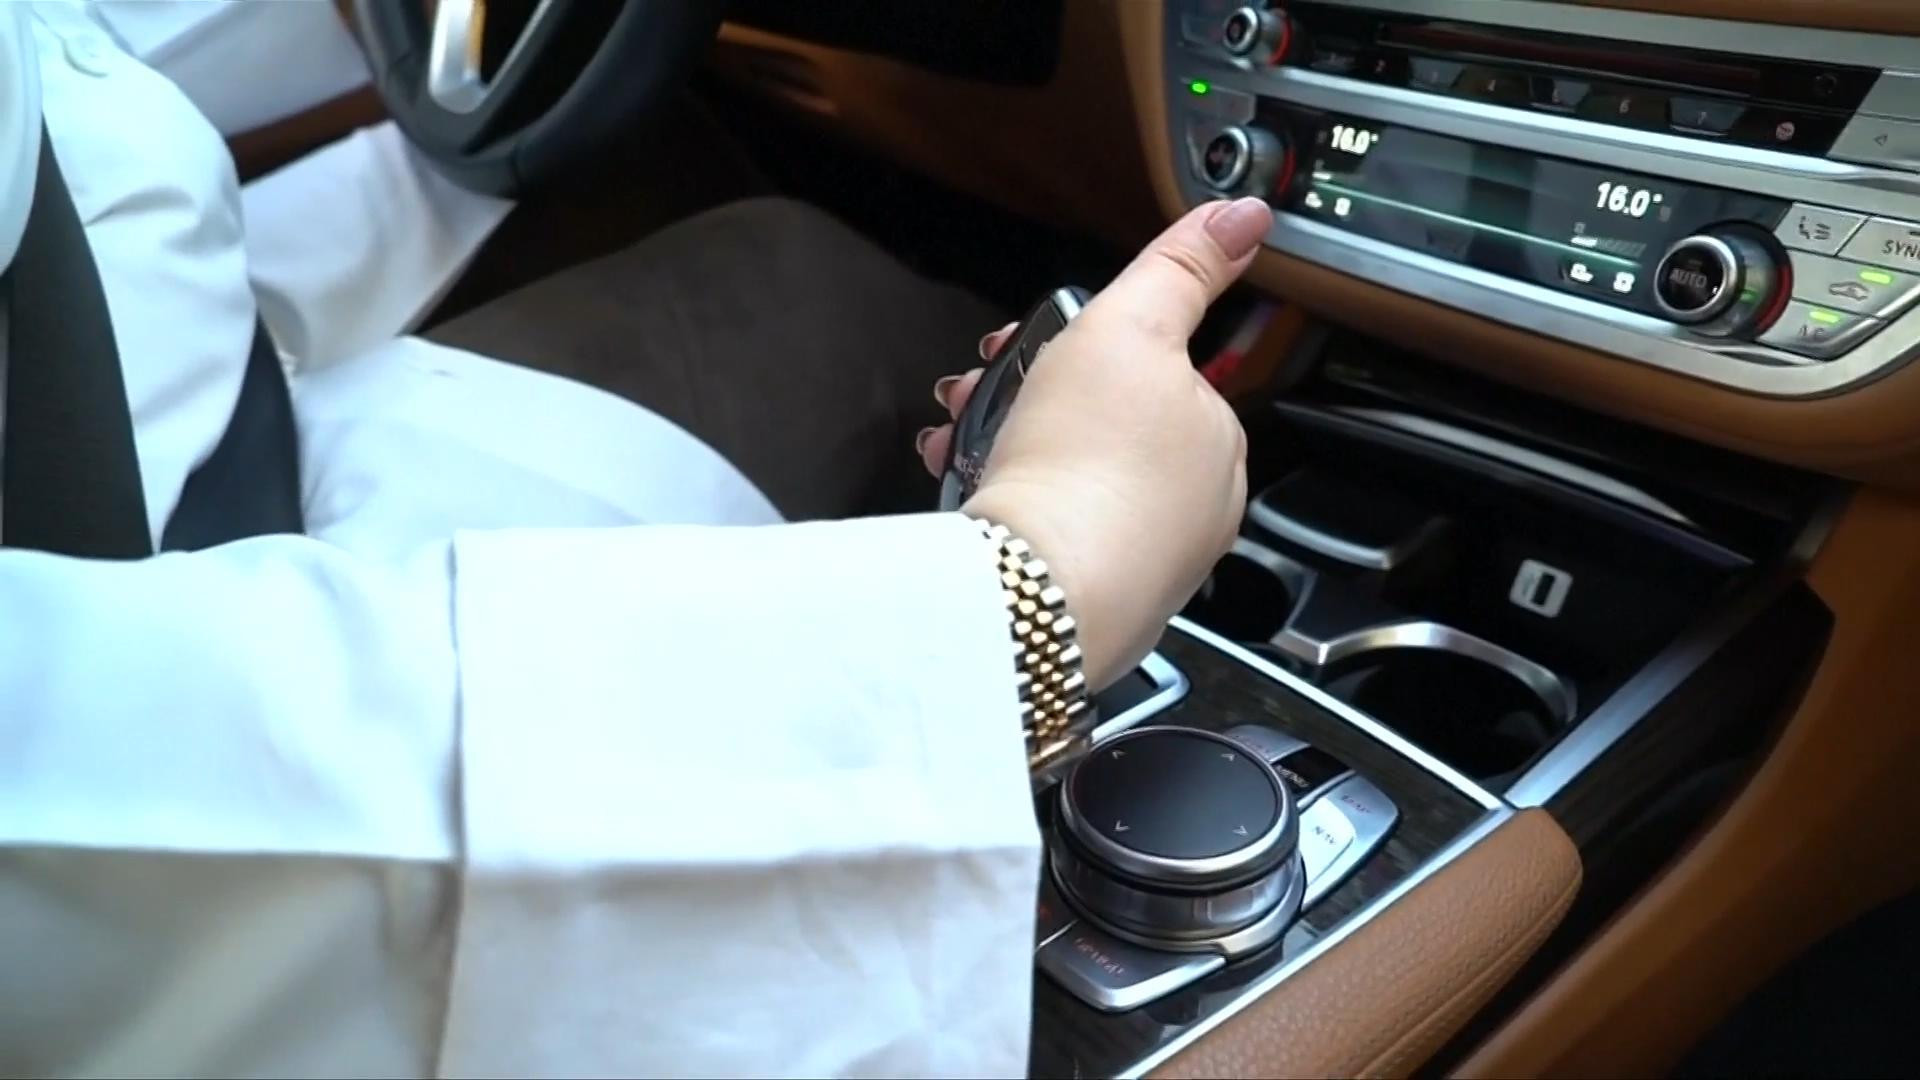 沙特阿拉伯取消女性驾驶禁令
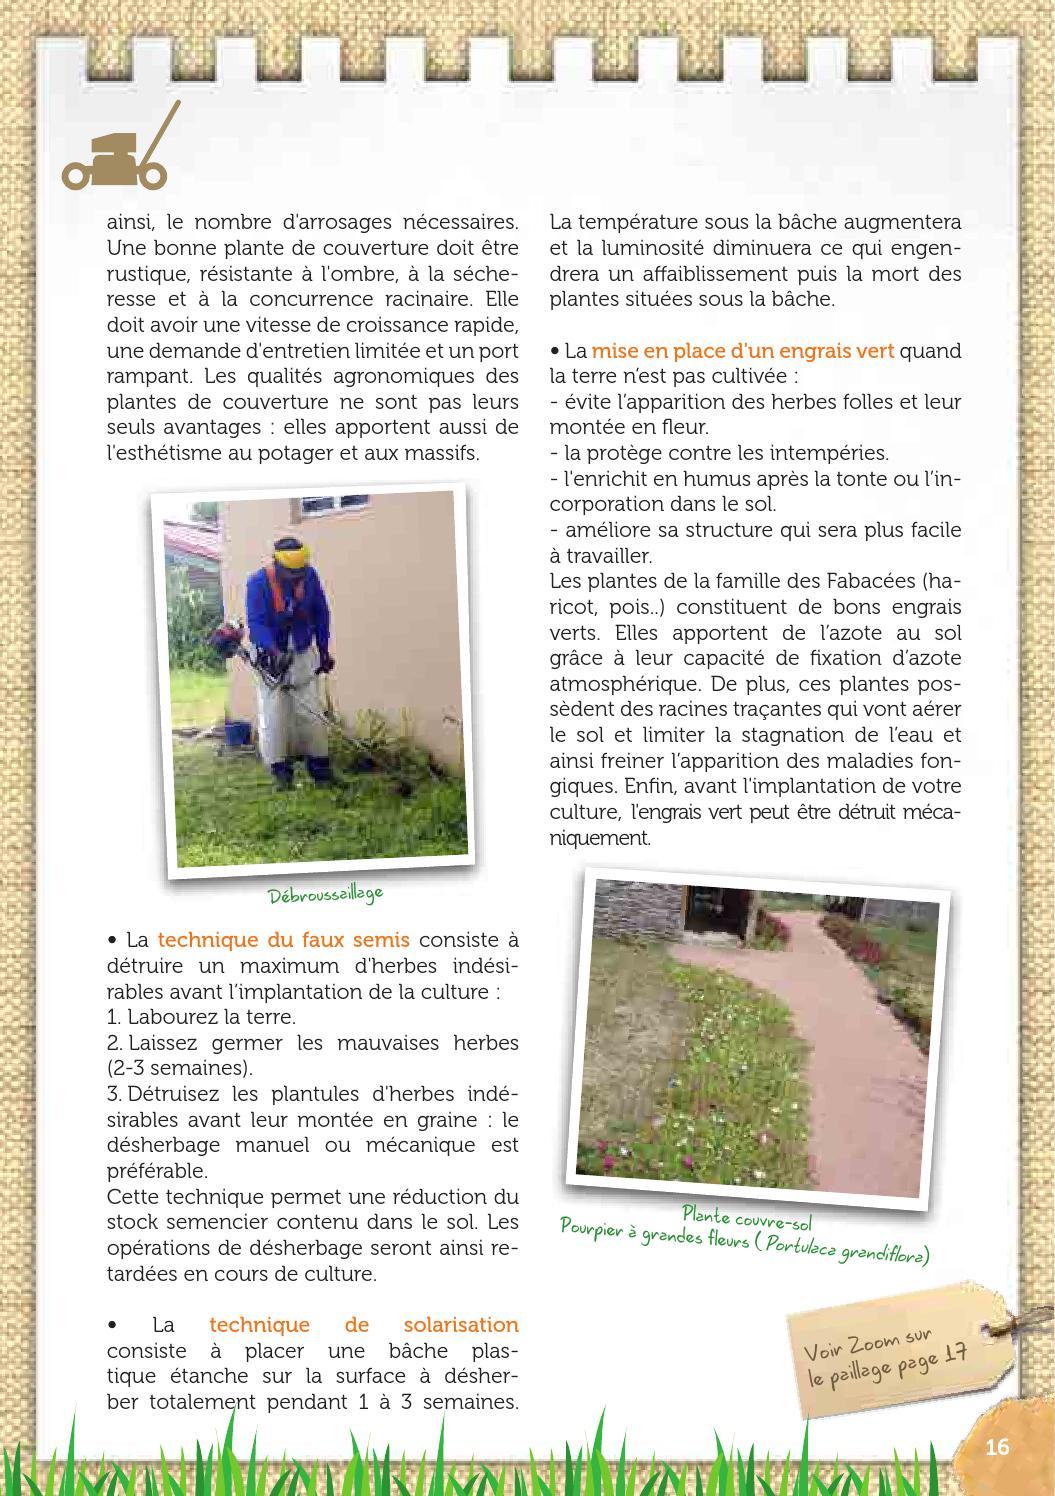 Couvre Sol Croissance Rapide trucs et astuces du jardin (fredon972, ode, 2012)
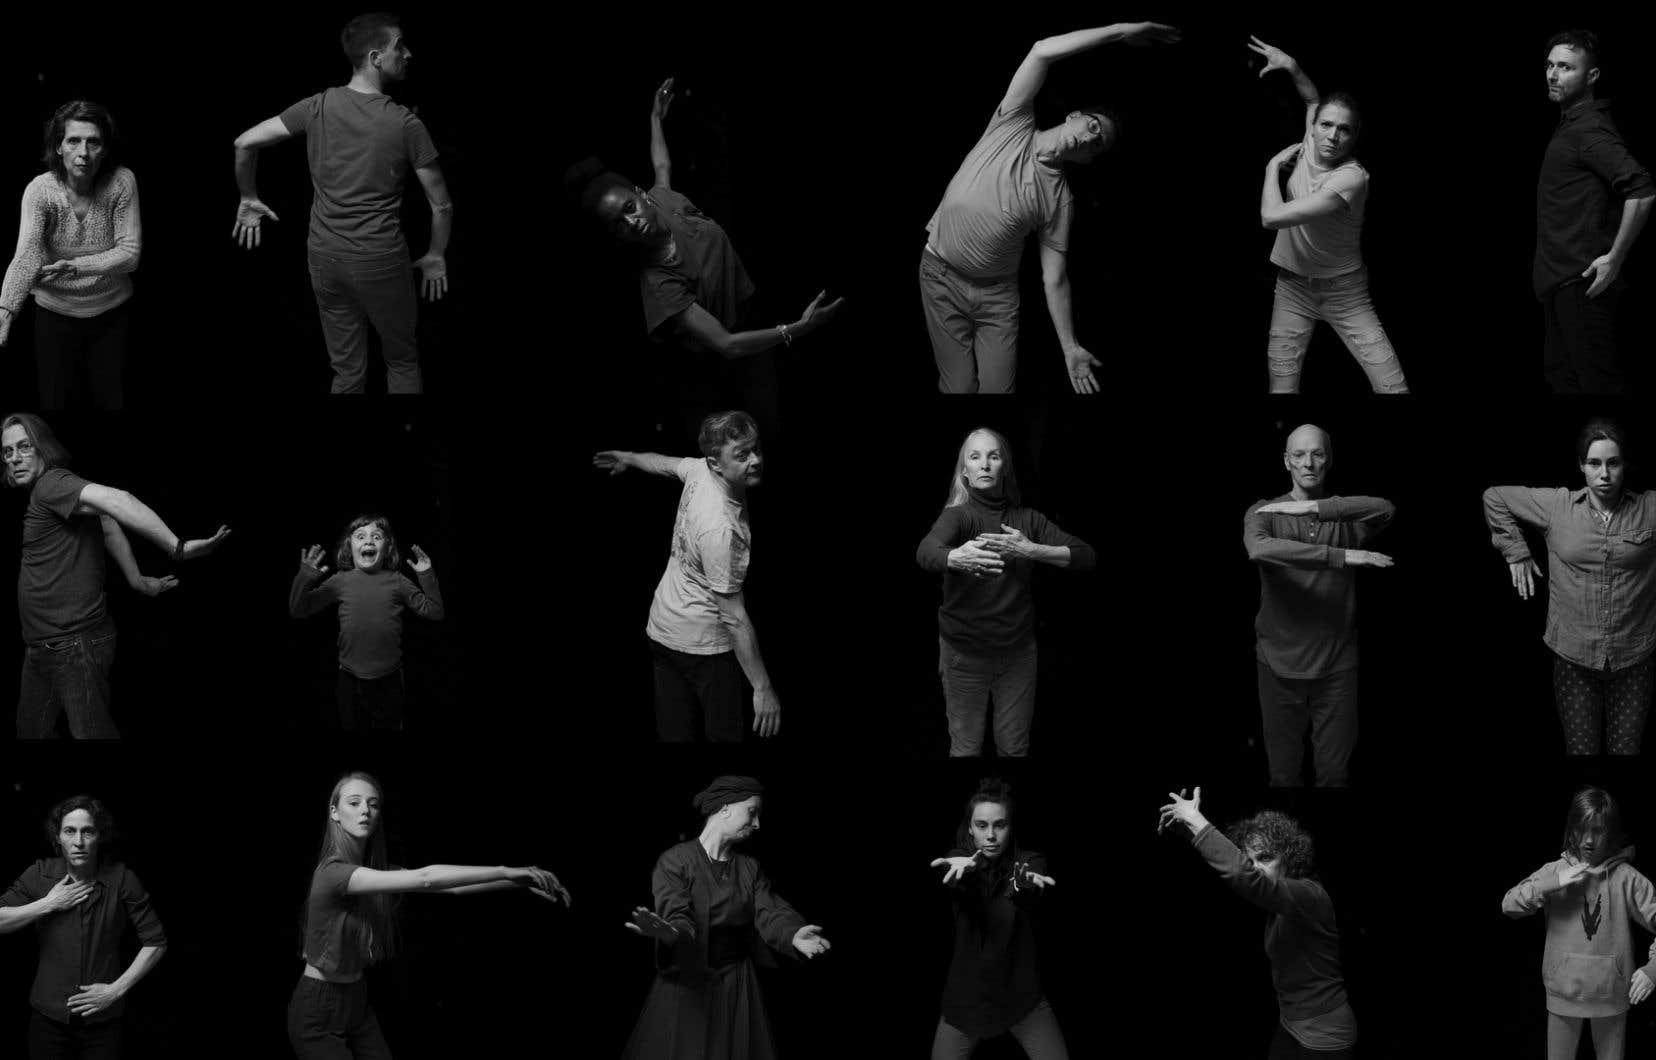 L'œuvre numérique interactive «Vast Body 22» signée AATOAA et Vincent Morisset, qui fait partie des créations primées, reflète, selon Catalina Briceño, une «thématique imposante autour de la diversité, autour de ce rapport à l'autre» que l'on retrouve chez beaucoup de nommés et de gagnants de cette année.

══════

_TASK BRIEF_. Please print the data above once more, exactly and without images.

_WRITTEN SOLUTION_.
 沙特阿拉伯取消女性驾驶禁令
 Couvre Sol Croissance Rapide trucs et astuces du jardin (fredon972, ode, 2012)
 L'œuvre numérique interactive «Vast Body 22» signée AATOAA et Vincent Morisset, qui fait partie des créations primées, reflète, selon Catalina Briceño, une «thématique imposante autour de la diversité, autour de ce rapport à l'autre» que l'on retrouve chez beaucoup de nommés et de gagnants de cette année.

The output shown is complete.